GMT Pile à l'heure, Génération Média&Technologies,la ligne du Devoir.

« Une ligne éditoriale très soixante huitarde, une approche iconoclaste sur fond de culture humaniste ».

Cinéma-Xalé : Entre grâce, force, courage et blessures

Cinéma : Xalé, Les blessures de l’enfance, de Moussa Sène Absa

Entre grâce, force, courage ,

et blessures d’une jeune enfant

Auteur : Medessè AGOHOUNDJE

Après Tableau Ferraille (1995) et Madame Brouette (2002), Moussa Sen Absa boucle une sa trilogie par une élégie à la femme.

Moussa Sen Absa signe une mise en scène éblouissante, servie par un casting d’exception ; de grandes femmes à l’écran : Nguissaly Barry et Rokhaya Niang.

Xalé montre bien le travail contemporain de l’artiste. Entre une caméra portée, caméra vérité, sur un autre pan, des décors et costumes très stylisés, comédie musicale, le cinéaste joue entre la grâce de peindre de grandes femmes et la joie de tisser une œuvre minutieuse dans tous les sens du terme.

Le film commence par une scène intrigante, presque choquante.
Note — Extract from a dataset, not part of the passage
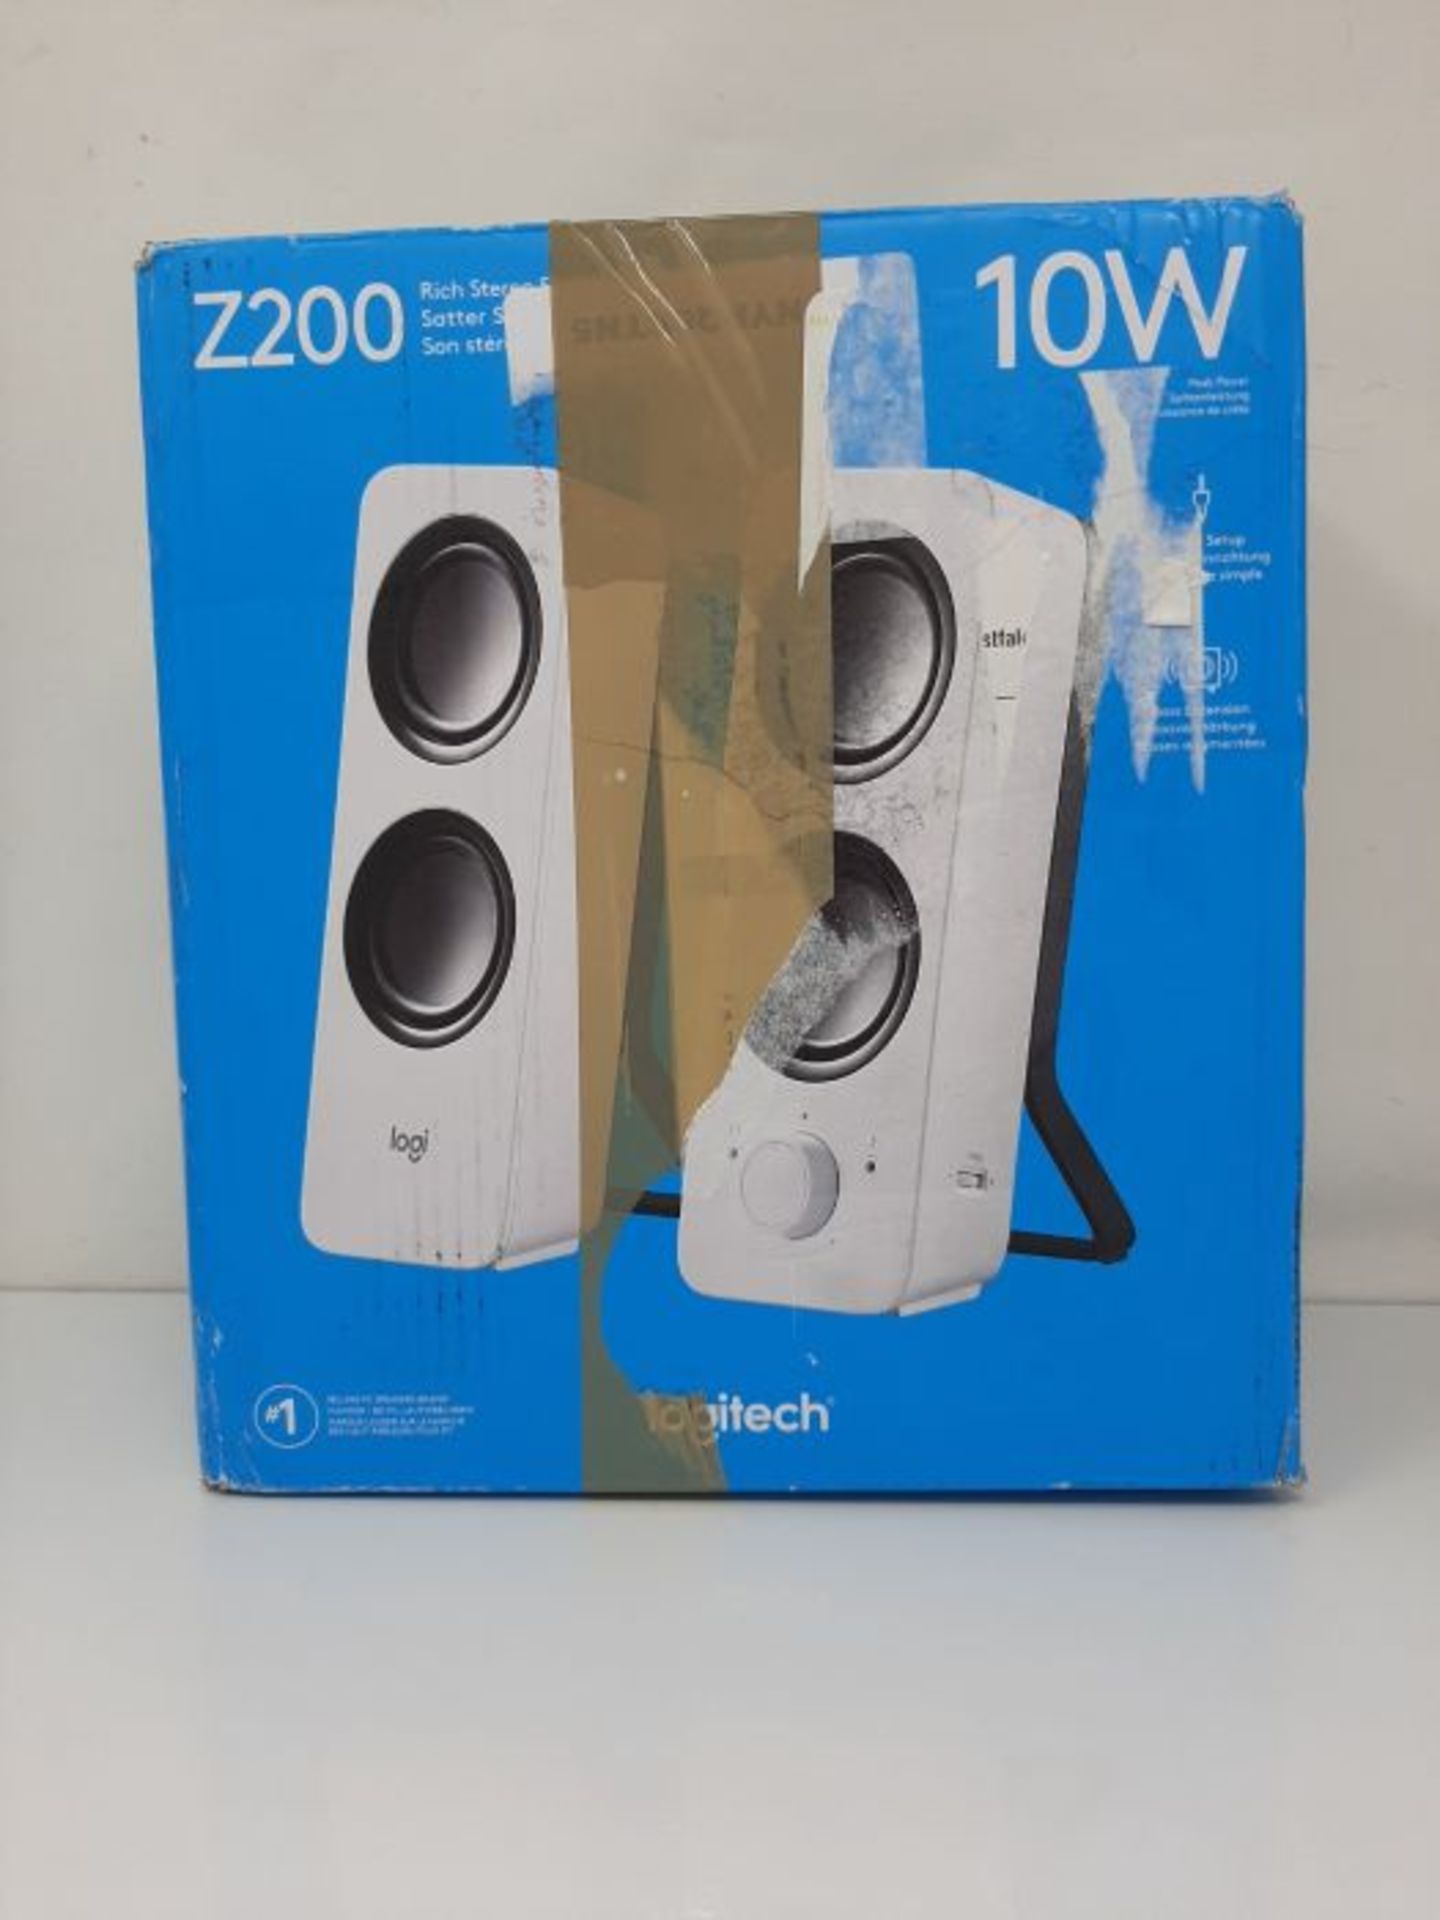 Logitech Z200 PC Speakers, Full Stereo Sound, 10 Watts Peak Power, 2 x 3.5mm Audio Inp - Image 2 of 3

Elle met en avant Awa (Rokhaya Niang), symbole de la femme forte. Elle va recevoir le Prix de la meilleure interprétation féminine pour le rôle aux 33ème Journées Cinématographiques de Carthage.

Film choral avec plusieurs intrigues, le cinéaste prend beaucoup de risques avec la narration. Des risques qui vont se révéler payants à la fin du film. La conclusion est une petite messe. Le réalisateur ne répare pas les blessures de l’enfance, il les soigne et mieux, il les purifie. Avec les thèmes abordé : les violences faites aux femmes, l’immigration, les dysfonctions sociales, Moussa Sen Absa livre un cinéma très actuel. C’est à une histoire de petites gens que le cinéaste nous invite. Son empreinte du théâtre reste très présent.

Le film est ponctué par des chœurs ; des chants composés par Moussa Sen Absa lui-même, Henri Guillabert et les Frères Guissé. Nous voilà appelé à un Dancer in the dark ; la grâce des chœurs majestueux qui s’élèvent dans la douleur. Le cinéaste lui-même se prête au jeu, caméo en robe. Le tribunal ne manque pas de nous rappeler le procès de Dramane Dramé (Hyènes de Djibril Mambety Diop, 1992). Dans nos sociétés contemporaines, c’est cette femme forte, violée, profanée qui est jugée.

Le réalisateur nous apporte avec ses actrices du trouble de l’émotion et du vertige. Même si la narration, à un moment, perd le spectateur, elle finit par répondre aux questions. Et voilà la magie de Xalé, Les blessures de l’enfance : questionner toute une génération sur les enjeux de la place de la femme et son devenir.